Abstract Data Interface

Both DT and DB classes are derived from a common abstract base class, which defines a handful of important interface functions.

class larch.core.Fountain

This object represents a source of data. It is an abstract base class from which both the DT and DB classes are derived.

alternative_names()

A vector of the alternative names used by this Fountain.

alternative_codes()

A vector of the alternative codes (64 bit integers) used by this Fountain.

alternative_name()

Given an alternative code, return the name.

alternative_code()

Given an alternative name, return the code.

array_idco(*vars, dtype='float64')

Extract an array of idco Format data from the underlying data source. The vars arguments define what data columns to extract, although the exact format and implementation is left to the base class.

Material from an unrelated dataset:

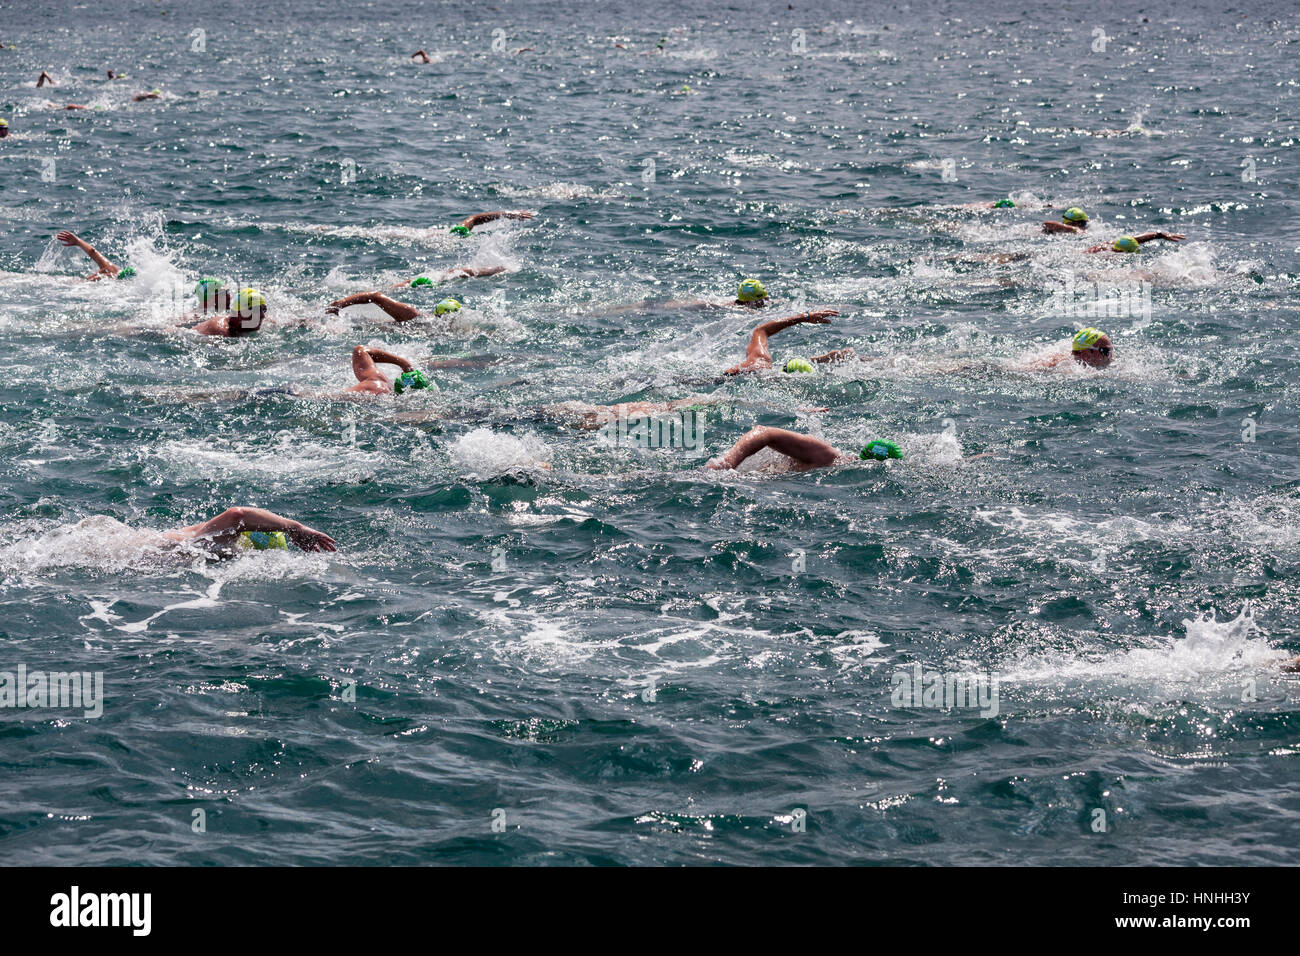 Istanbul, 20. Juli 2014 - die traditionelle 26. Samsung Bosporus Cross Continental Wettschwimmen, mit 1729 Sportler aus 45 Ländern fand vergangenen 21. Juli - berichteten die örtlichen Medien. Stockfoto

array_idca(*vars, dtype='float64')

Extract an array of idca Format data from the underlying data source. The vars arguments define what data columns to extract, although the exact format and implementation is left to the base class.

check_co(column)

Validate whether column is a legitimate input for Fountain.array_idco().

check_ca(column)

Validate whether column is a legitimate input for Fountain.array_idca().

variables_co()

Return a list of the natural columns of idco Format data available.

variables_ca()

Return a list of the natural columns of idca Format data available.

export_all(*arg, **kwarg)

Export all data (idca and idco) to one big idco format csv file.

This method takes the dataframe from dataframe_all() and writes it out to a csv file. All arguments are passed through to pandas.DataFrame.to_csv(). No effort is made to prevent duplication of data in this export (e.g. if there are idco variables stacked to make a single idca variable, these will appear in the output twice).

dataframe_all()

Load all data (idca and idco) to one big idco format pandas.DataFrame.

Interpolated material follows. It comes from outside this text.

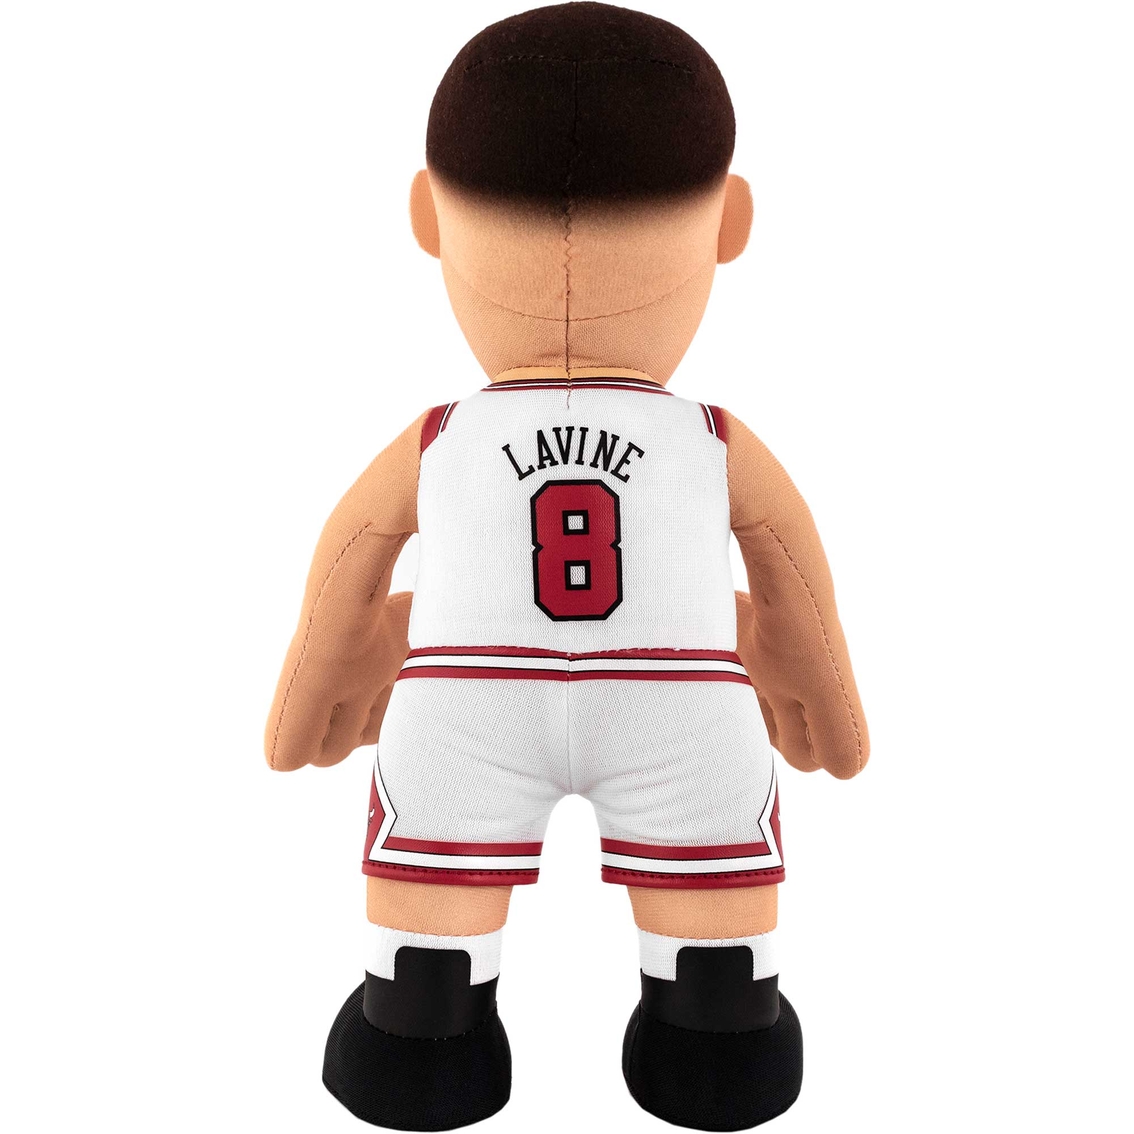 NBA Chicago Bulls Zach LaVine 10 in. Plush Figure - Image 2 of 3

No effort is made to prevent duplication of data in this DataFrame. (e.g. if there are idco variables stacked to make a single idca variable, these will appear in the output twice). If there is a lot of data, this DataFrame could be very large.

dataframe_idco(*vars, **kwargs)

Load a selection of idco Format data into a pandas.DataFrame.

This function passes all parameters through to Fountain.array_idco().

dataframe_idca(*vars, wide=False, **kwargs)

Load a selection of idca Format data into a pandas.DataFrame.

Parameters:wide (bool) – If True (defaults False), the resulting data array will be pivoted to be idco Format, with one row per case and a hierarchical columns definition.

This function passes all other parameters through to Fountain.array_idca().